ASSIGNED TASK: Retype all entries exactly as they stand, excluding pictures.

EXERCISE INPUT:
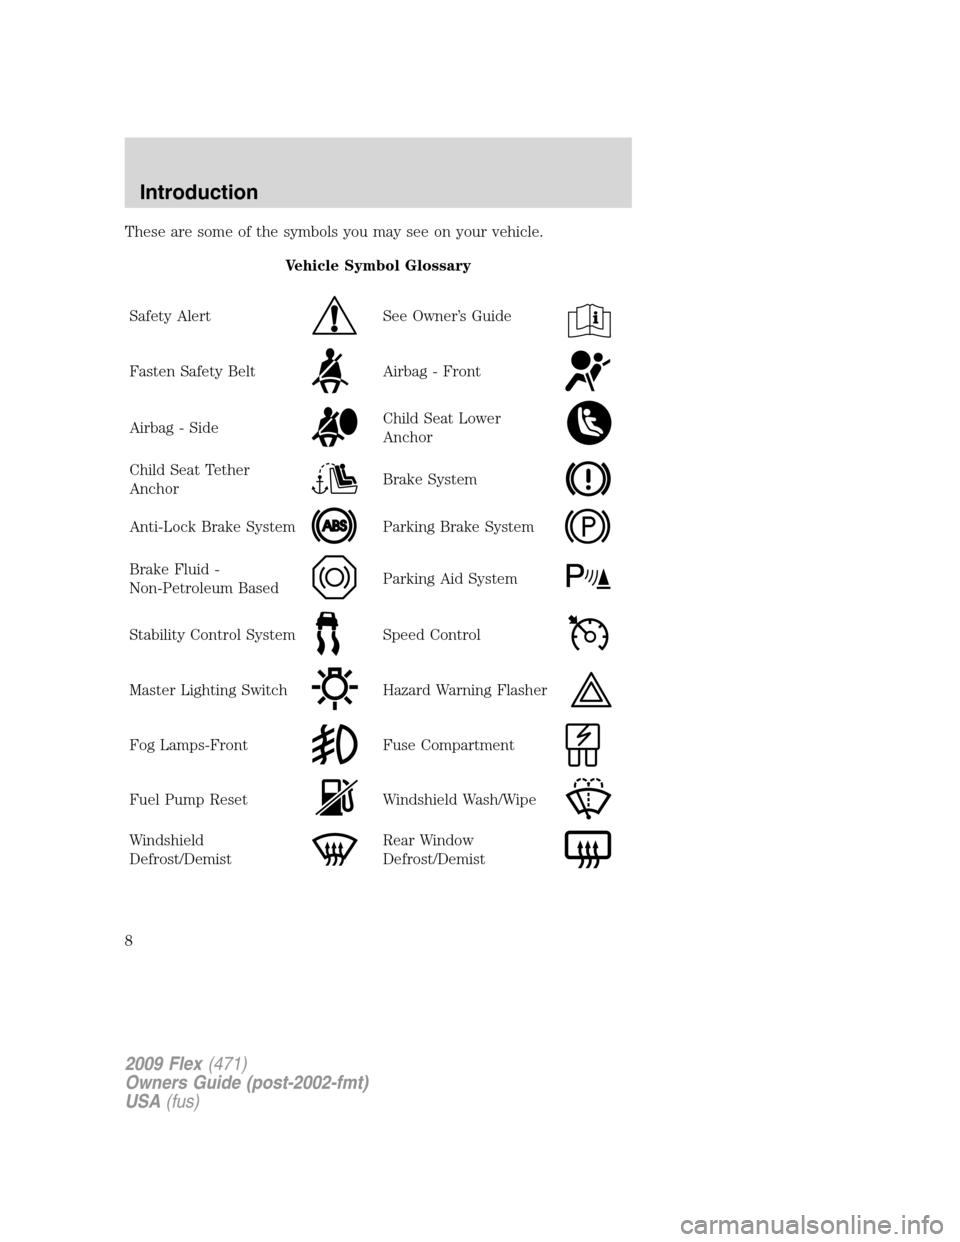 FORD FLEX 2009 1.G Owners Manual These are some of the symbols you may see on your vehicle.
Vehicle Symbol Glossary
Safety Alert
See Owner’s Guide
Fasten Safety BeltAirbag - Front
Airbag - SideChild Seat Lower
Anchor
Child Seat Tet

RESULT OF THIS TASK:
 FORD FLEX 2009 1.G Owners Manual These are some of the symbols you may see on your vehicle.
Vehicle Symbol Glossary
Safety Alert
See Owner’s Guide
Fasten Safety BeltAirbag - Front
Airbag - SideChild Seat Lower
Anchor
Child Seat Tet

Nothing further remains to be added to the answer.